Таким способом репортер выразил протест против присутствия в "своей" квартире постороннего мужика в трусах, получившего доступ к "его" жене.
И хотя квартира принадлежала мужику в трусах, и жена у мужика в трусах была своя собственная, а не корреспондентова, суд, досконально исследовав обстоятельства дела, пришел к выводу: "Журналистом руководило чувство глубокой личной обиды за попранную мужскую честь, ибо в тот момент он не мог знать наверняка, что гражданин в трусах гостит вовсе не у его жены, а у себя дома". Фемида проявила высшую житейскую мудрость и постановила: "Действия атакующей стороны квалифицировать как необходимую оборону своего, пусть в действительности и чужого, жилья от присутствия в нем посторонних лиц".
Суд вынес порицание корреспонденту за чрезмерное применение физической силы и обязал принести мужику в трусах письменное извинение через журнал "Сдохни Трезвым!", издаваемый Всероссийским Обществом Анонимных Алкоголиков и примкнувших к ним деградантов.
Одновременно суд вынес частное определение в адрес мужика в трусах, суть которого заключалась в том, что "хозяин квартиры не должен был открывать дверь, находясь в трусах, ибо тем самым он усилил и без того серьезные подозрения оппонента в своих неблагочестивых намерениях по отношению к "его" жене".

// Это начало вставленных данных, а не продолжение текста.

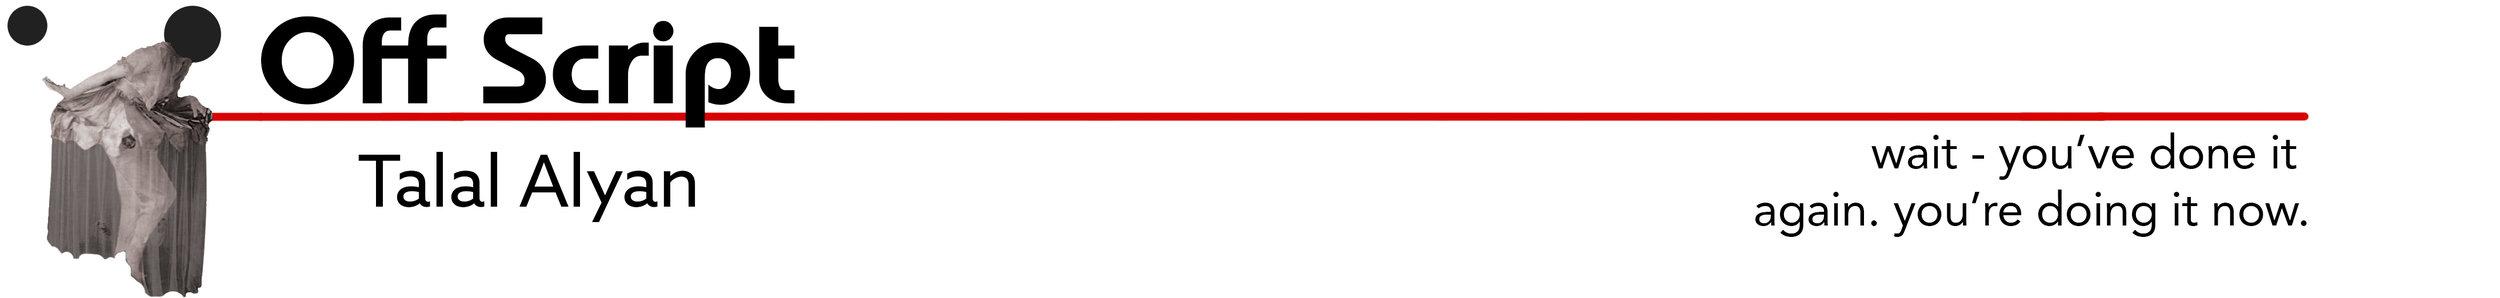 Web I4 - Off Script.jpg

Суд указал мужику в трусах, что "при первом же попадании кулака в переднюю часть головы потерпевший должен был сгруппироваться, достать из трусов паспорт с пропиской по данному адресу и предъявить его нападавшему, а затем немедленно вызвать из спальной комнаты свою жену, чтобы инспектирующий чужую квартиру корреспондент убедился, что это не его жилье и, соответственно, жена, а товарища в трусах. При этом факт принадлежности жены также следовало удостоверить, предъявив бьющему и пинающему журналисту свидетельство о браке между потерпевшим в трусах и субъектом женского пола, выдаваемым за жену". Данный документ, как установил суд, "хранился в ночной рубашке жены мужа, отколошматенного в трусах, и, стало быть, обязанность его демонстрации целиком лежала на указанной жене".
Ничего этого сделано не было. В этой связи, указал суд, "хозяин квартиры, пострадавший в результате появления перед чужим индивидом в легкомысленных трусах, присуждается к компенсации налетевшему корреспонденту стоимости лечебно-профилактических мероприятий по возвращению вывихнутого указательного пальца на правой руке в исходное положение, а также бутылки скоча "Red Leible" с черной этикеткой, разбитой о верхнюю часть головы потерпевшего, облаченного в одни интимные трусы".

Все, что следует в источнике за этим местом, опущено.